Around that time, I finally gave up on men and focused on my new job—administrative assistant at a local engineering firm. I decided to keep the babies, much to my family’s relief. Well, except for Psycho Susan, who suddenly found the spotlight shining on me and didn’t like it that I had toys she couldn’t take and mess up—they were attached by umbilical cords.
December 23
rd
:
Got fired today, one week before my probationary period was up. When I asked the HR rep what I did wrong, I was informed that my sister was caught making a pass at my boss when she came to visit me yesterday (I’d been at the doctor’s for my monthly checkup, and Susan knew it). “What kind of pass?” I’d asked, explaining that my sister was a perpetual flirt. The kind involving her sitting on his lap in a dress, sans her underwear. “That was probably an accident,” I explained, straight-faced. Susan sometimes forgot she wasn’t wearing underwear—she never has worn them, claiming an allergy to elastic. The HR rep went on to explain that my boss accidentally had his pants down, too. Yikes! Needless to say, after being told that sisters are usually cut from the same cloth and reminded that I was an unwed mother with no baby-father in sight, I was given a week’s severance and asked to pack my things and join my boss at the unemployment office. Susan was at my parents’ place when I pulled in the drive. Had I been able to catch her, I might have given her a fat lip. Stupid waddle. She swears he came on to her first, and I think Mom even believes her. Criminy! Who is going to hire an almost twenty-eight-week-pregnant mother-to-be? I can’t even reach past my belly to the glasses in the kitchen cupboard anymore.

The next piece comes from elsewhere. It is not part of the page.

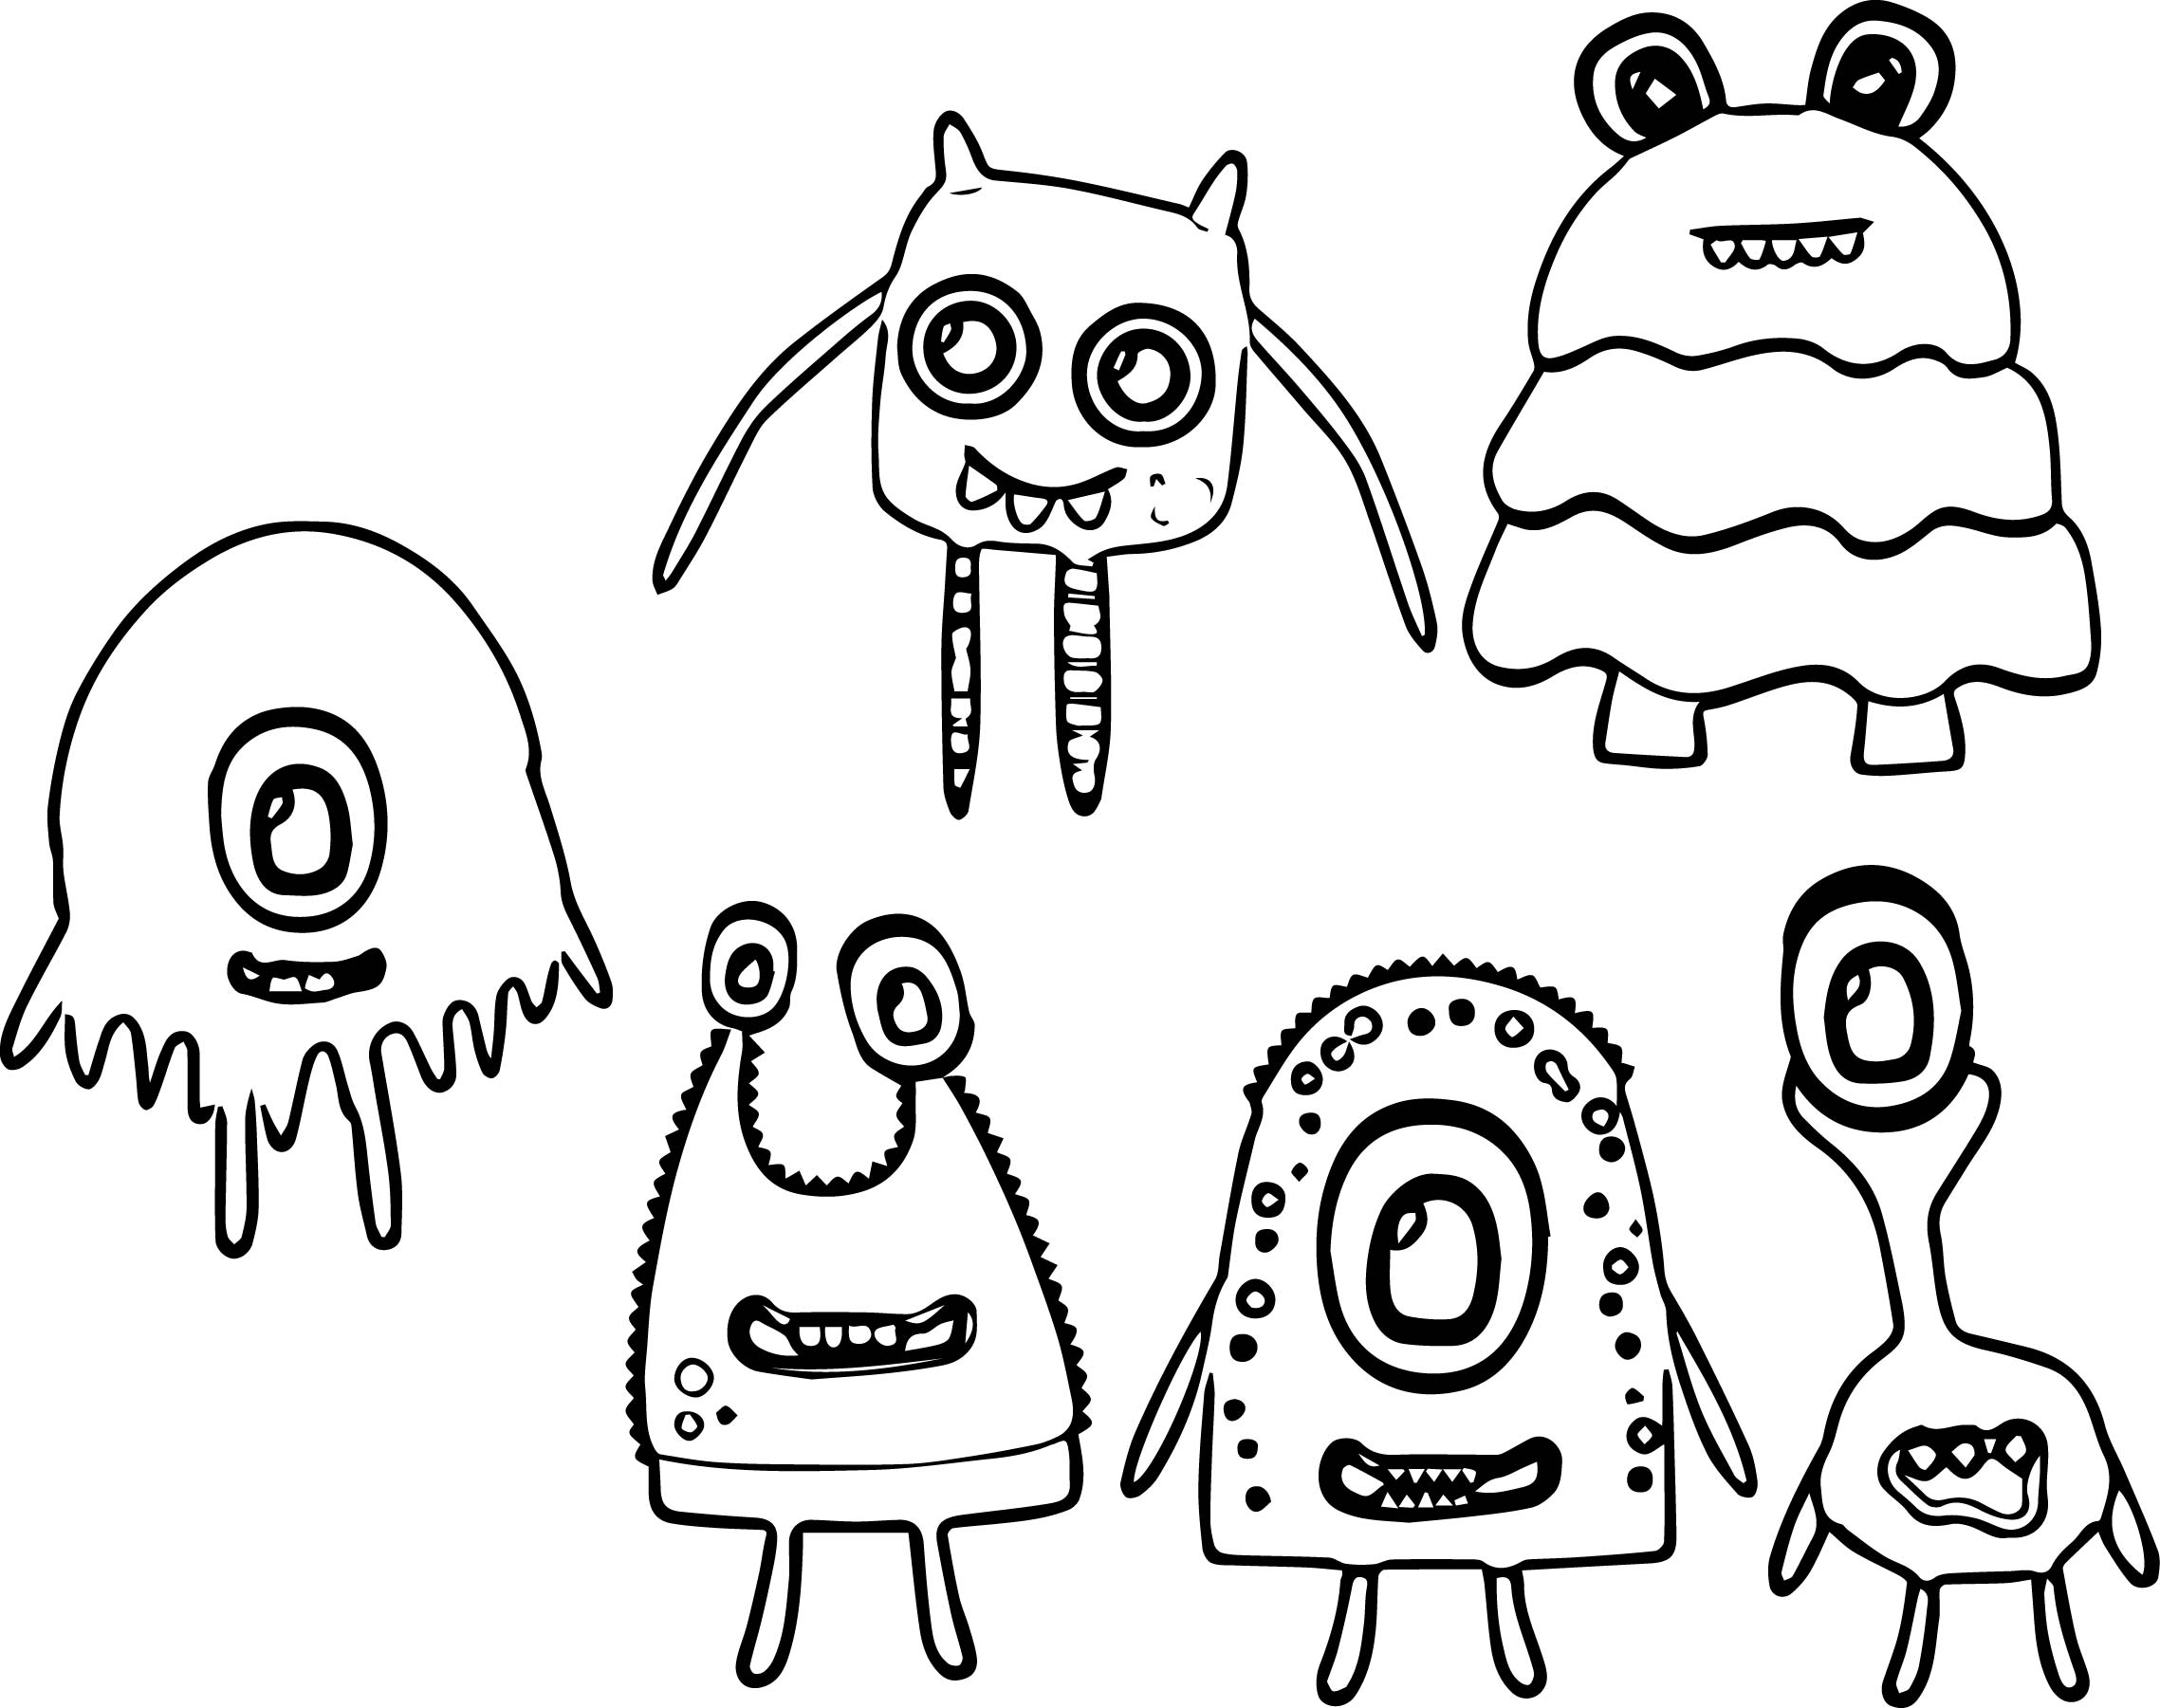 All Monster Alien Coloring Page

It turned out that the only place that would hire a twenty-eight-week-pregnant woman was a twenty-four-hour gas and carryout store. I’d worked there for a full month before my father pulled me aside and begged me to have mercy on him and quit. The stress caused by thinking of his pregnant daughter all alone in a gas station every night had his blood pressure red-lining. I told him that I had to pay rent. He asked me to consider relocating to his basement. He and my mom had talked, and agreed they would support me for the first six months of the kids’ lives, and then help with babysitting as I got rolling again. My eyes grew misty even now thinking about that conversation with him.